The most frequently reported drug related adverse reaction was local burning or discomfort. In corneal ulcer studies with frequent administration of the drug, white crystalline precipitates were seen. Other reactions occurring in fewer patients included lid margin crusting, crystals/scales, foreign body sensation, itching, conjunctival hyperemia and a bad taste following instillation. Additional events occurring in less than 1% patients included corneal staining, keratopathy/keratitis, allergic reactions, lid edema, tearing, photophobia, corneal infiltrates, nausea and decreased vision.

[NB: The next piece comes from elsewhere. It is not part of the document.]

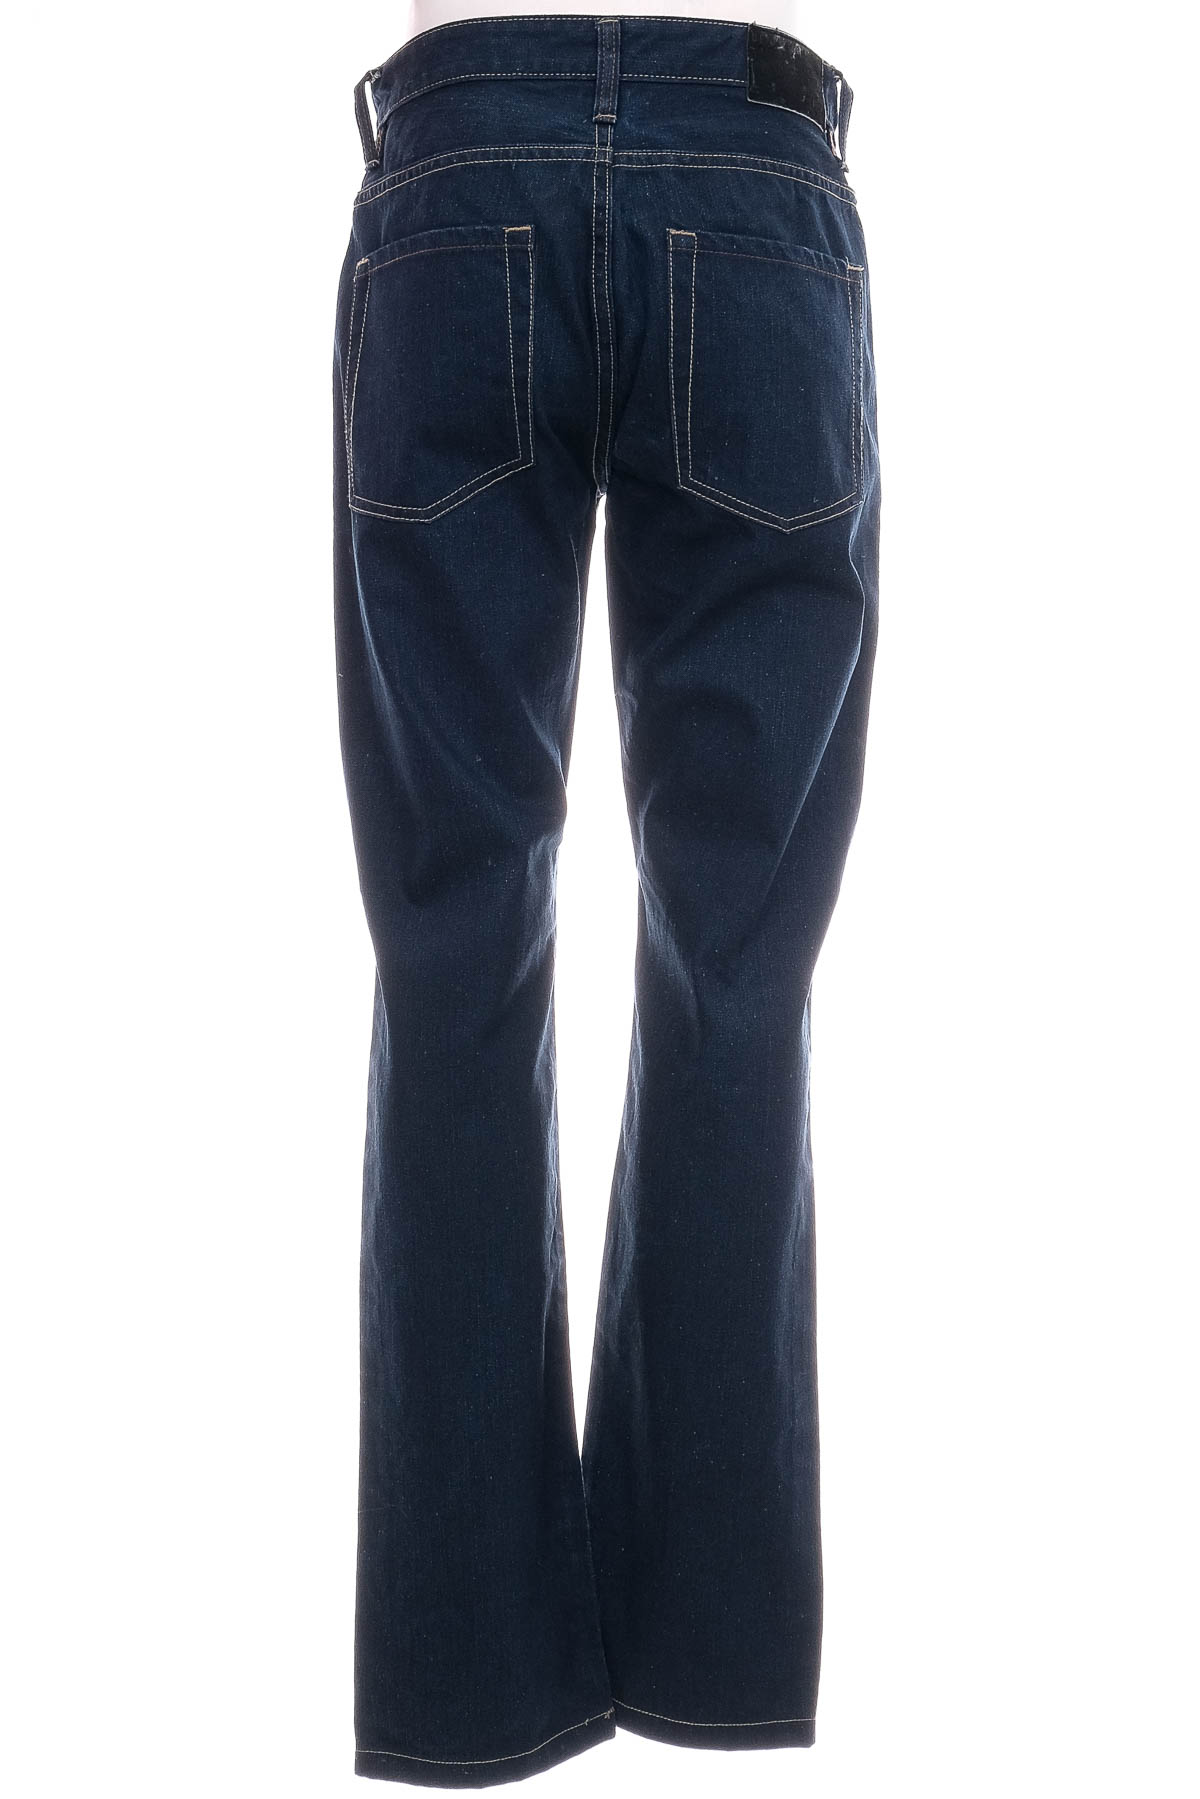 Jeans pentru bărbăți - Takko Fashion - 1
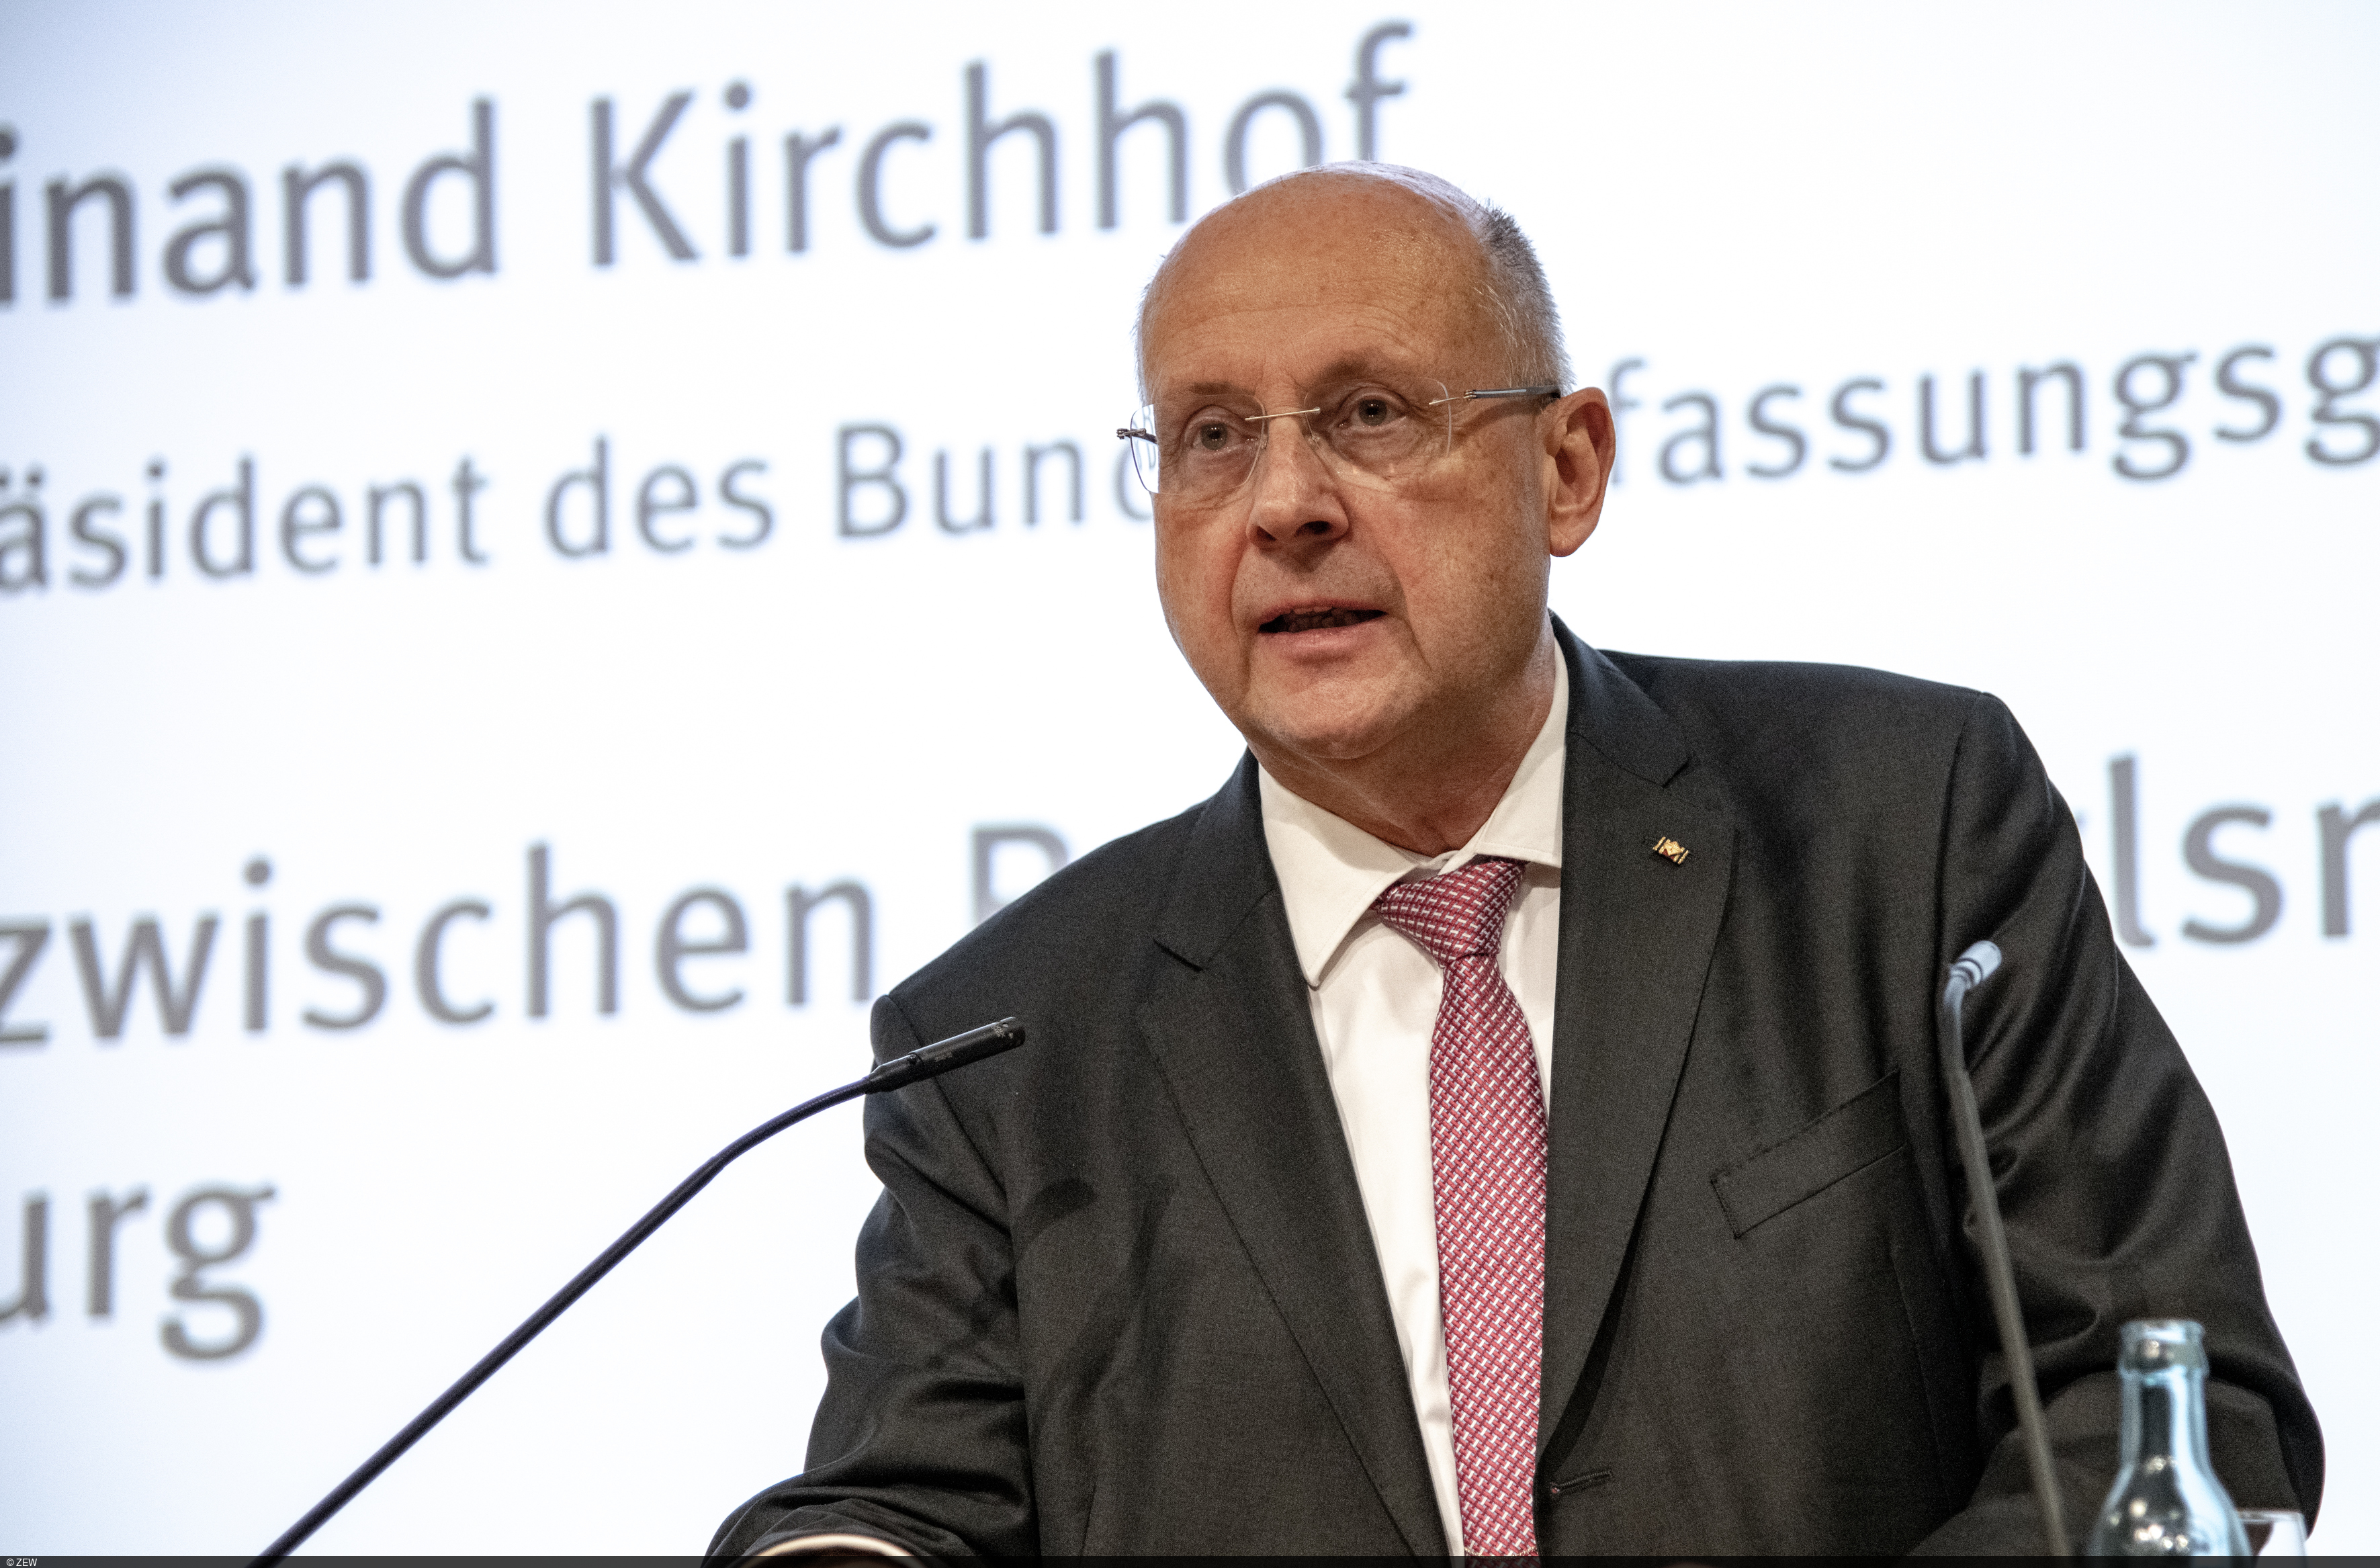 Ehemaliger Bundesverfassungsrichter Ferdinand Kirchhof sprach am ZEW über Steuerrecht in der EU

Specific drug interaction studies have not been conducted with ophthalmic ciprofloxacin. However, the systemic administration of some quinolones has been shown to elevate plasma concentrations of theophylline, to interfere with the metabolism of caffeine, and to enhance the effect of the oral anticoagulant, warfarin, and its derivatives. Transient elevation in serum creatinine has been reported in patients receiving cyclosporin concomitantly with systemic ciprofloxacin.
Store in a dry place, below 30ºC & Protect from light. Discard one month after opening.
Shelf-Life: 24 months.
S01AE03 - ciprofloxacin ; Belongs to the class of quinolone antiinfectives. Used in the treatment of eye infections.
Ophth soln 3.5 mg/mL (a clear, colourless solution) x 5 mL.